Atas keterlambatan tersebut, kontraktor pelaksana dikenakan sanksi administratif berupa denda harian. Wahyu menegaskan, kewajiban tersebut tetap harus dipenuhi sesuai ketentuan kontrak.
“Mereka dikenakan sanksi administratif dan harus membayar denda per hari,” tegas Wali Kota yang akrab disapa Pak Mbois itu.
Sementara itu, Kepala Dishub Kota Malang, Widjaja Saleh Putra, menyampaikan progres pembangunan Gedung Parkir Kayutangan telah mencapai lebih dari 90 persen. Ia menegaskan, keterlambatan masih dapat ditoleransi selama seluruh kewajiban kontrak diselesaikan.
“Benar ada keterlambatan dan itu dikenakan denda harian, yakni seper seribu dari nilai kontrak. Yang terpenting kewajiban kontrak tetap diselesaikan,” terangnya.

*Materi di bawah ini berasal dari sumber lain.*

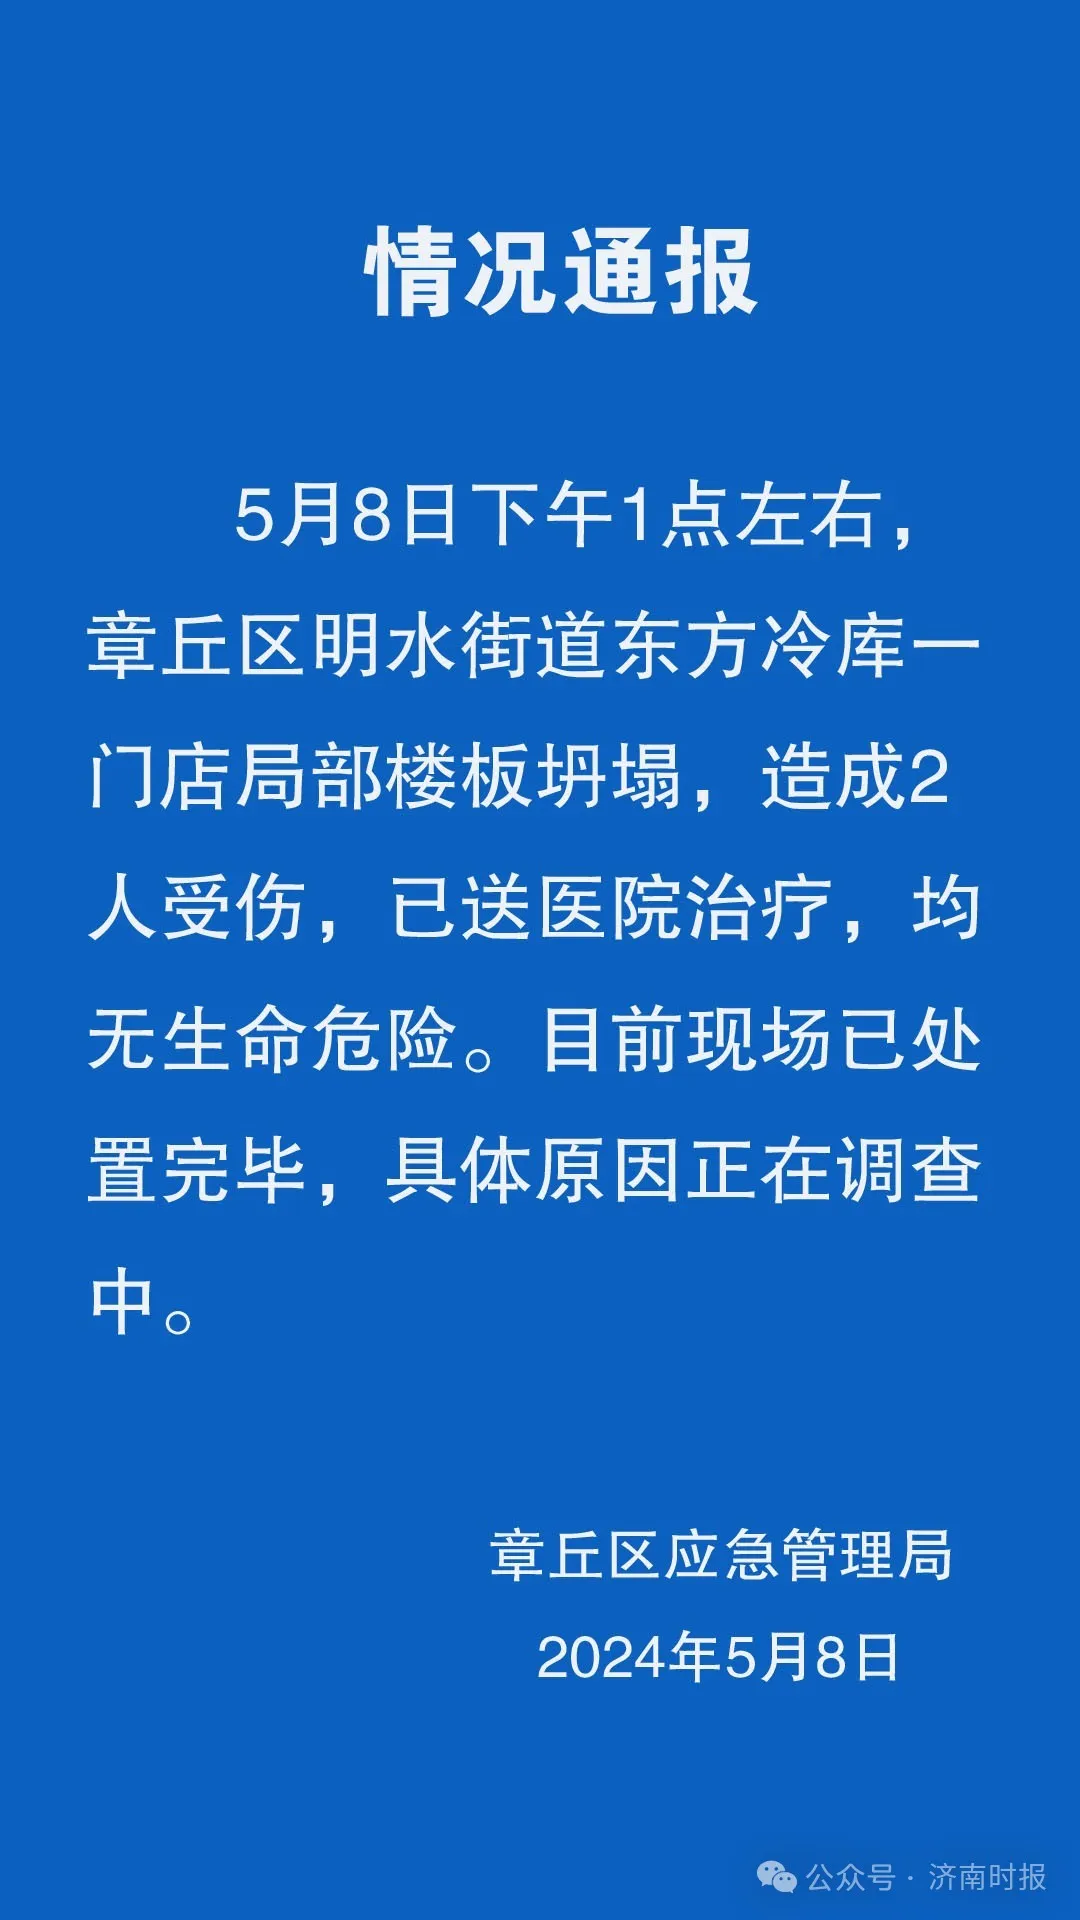 “济南章丘一门店坍塌救护车拉了七八车”系不实信息！

Terkait rencana penggratisan parkir pada hari pertama operasional, Widjaja menyatakan pihaknya siap melaksanakan arahan Wali Kota. Ia memperkirakan, kebijakan tersebut kemungkinan diterapkan pada 31 Desember mendatang.
Untuk mengantisipasi lonjakan kendaraan saat penggratisan parkir, Dishub akan melakukan pengaturan dan pengamanan secara optimal. Mengingat, kebutuhan Satuan Ruang Parkir (SRP) di kawasan Kayutangan hingga saat ini masih belum sepenuhnya tercukupi.
“Parkir mau diberi luas berapa pun rasanya tetap kurang, terutama di kawasan Kayutangan. Awalnya gedung ini direncanakan lima lantai, tetapi karena keterbatasan anggaran baru dibangun dua lantai,” jelasnya.
Meski baru dua lantai, Widjaja memastikan secara konstruksi gedung parkir tersebut masih memungkinkan untuk ditinggikan apabila ke depan tersedia anggaran tambahan.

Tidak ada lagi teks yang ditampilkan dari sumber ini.